Lorbrena demonstrates antitumor activity in previously treated patients with ALK-positive NSCLC, but the drug’s efficacy compared to Xalkori is unclear, according to the authors.
They noted that a previous study once demonstrated that Xalkori was superior to platinum-based Alimta (pemetrexed) chemotherapy, which established it as a standard of care treatment in the firstline setting of ALK-positive NSCLC. But since that study, more data has become available that has demonstrated that second-generation drugs including Alecensa (alectinib), Alunbrig (brigatinib) and ensartinib were superior to Xalkori in the firstline setting. However, as the authors noted, the second-generation ALK inhibitors have their share of concerns.
“Despite the improved efficacy of second-generation inhibitors, drug resistance and recurrent disease — including central nervous system (CNS) progression, a major cause of illness and death — still develop,” they wrote.
As a result, the authors aimed to evaluate the efficacy of a third-generation inhibitor (Lorbrena) in the firstline setting of ALK-positive NSCLC, compared to Xalkori.
The study consisted of 296 patients with ALK-positive NSCLC :149 of which were randomized to Lorbrena at 100 mg daily and 147 were randomized to Xalkori at 250 mg twice daily.
Results showed that at 12 months, 78% of patients receiving Lorbrena were alive without disease progression, and 39% or patients receiving Xalkori were alive without disease progression.
A total of 76% of patients who received Lorbrena and 58% of those who received Xalkori had an objective response, meaning there was a decrease in tumor size. Among those who had measurable brain metastases 82% and 23%, respectively, had an intracranial response to therapy. Overall, 71% of patients who received Lorbrena had an intracranial response.
“Patient-reported outcomes also supported the safety and favorable side effect profile of (Lorbrena) relative to (Xalkori), and patients who received Lorbrena reported a significantly greater improvement in global quality of life than those who received Xalkori,” the study authors wrote.

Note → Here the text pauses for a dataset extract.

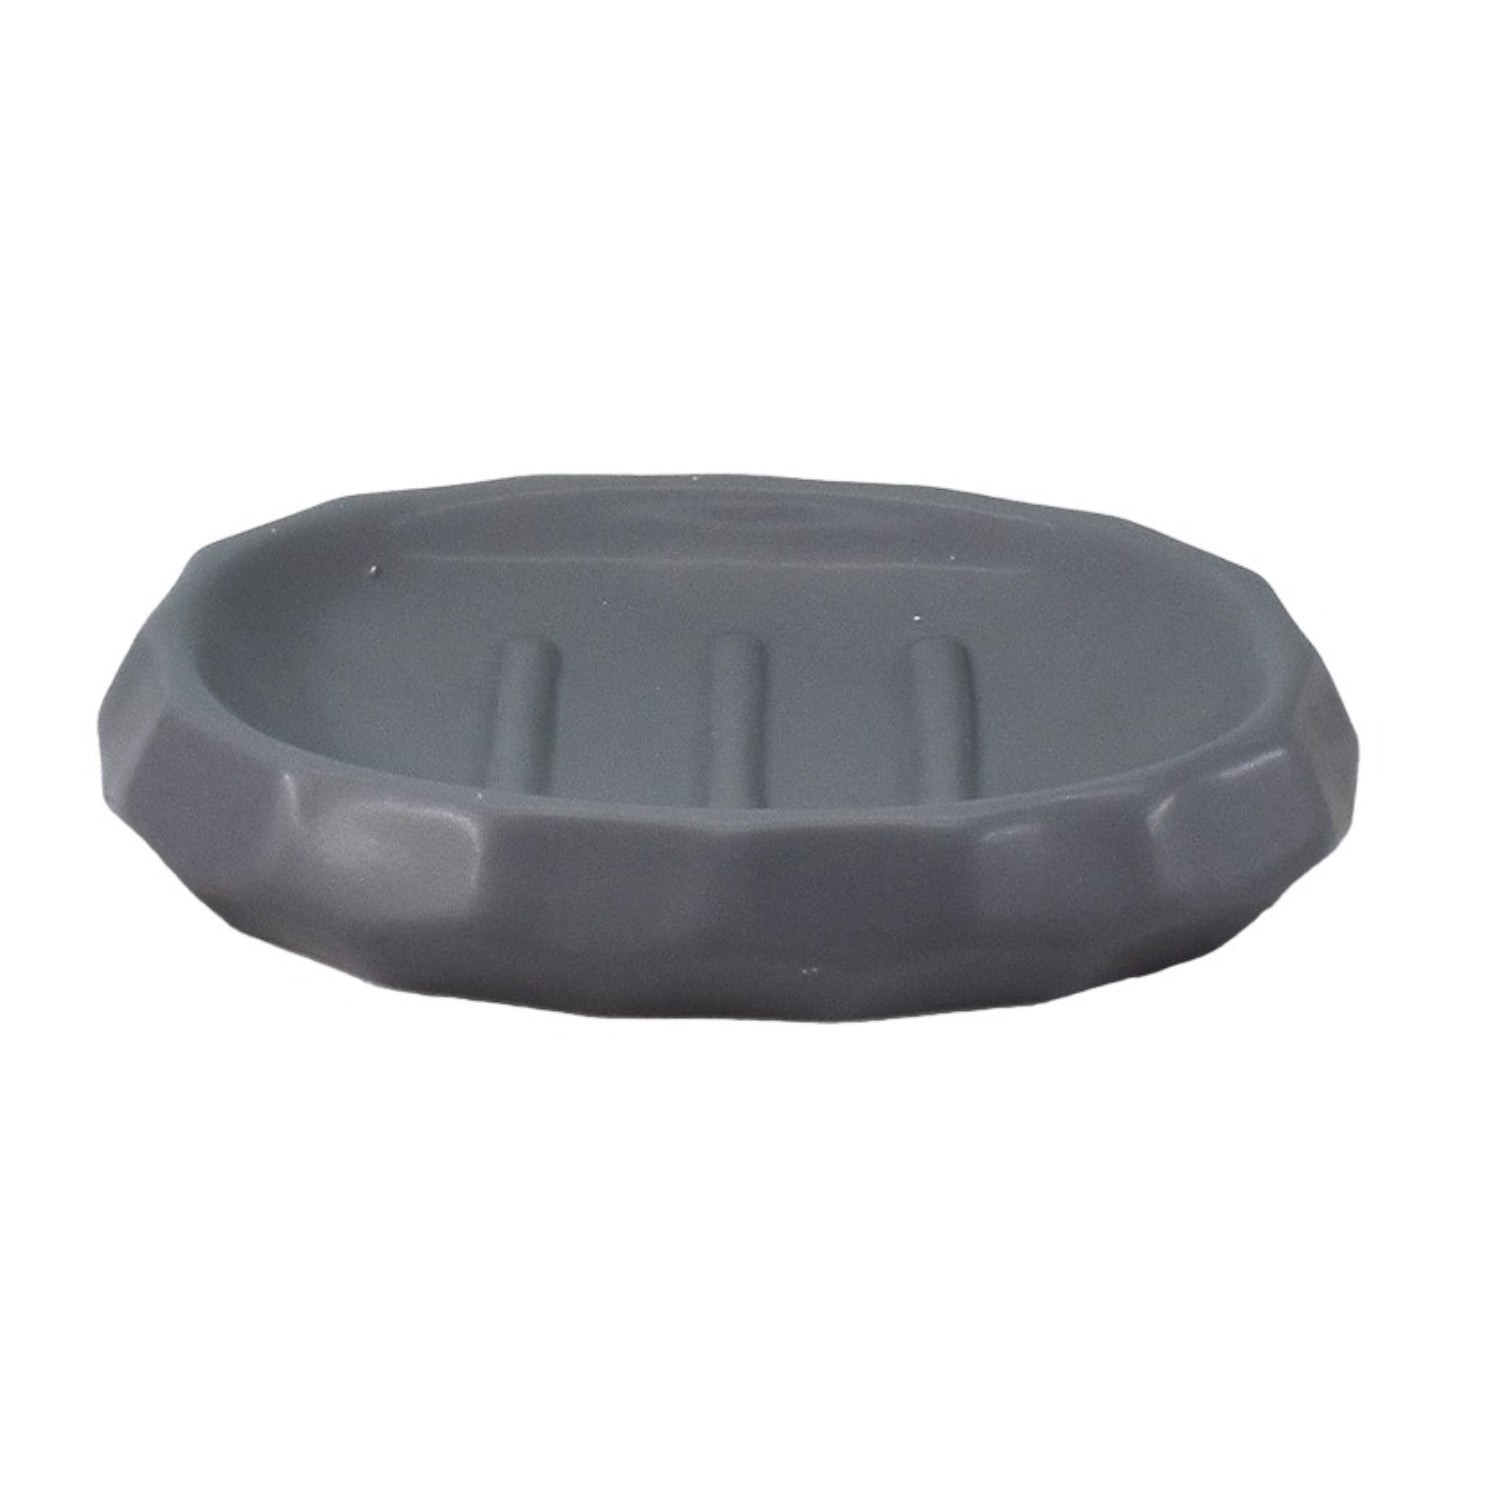 Ceramic Soap Dish Set of 1 Bathroom Accessories for Home (C1010)

The most common side effects seen in patients being treated with Lorbrena were high levels of fat particles in the blood, weight gain, pain, numbness or weakness in hands and feet (known as peripheral neuropathy) and cognitive effects. Lorbrena had more grade 3 or 4 side effects than Xalkori, and researchers relate that to the fluctuating lipid levels. Due to side effects, 7% of patients receiving Lorbrena and 9% of patients receiving Xalkori stopped treatment.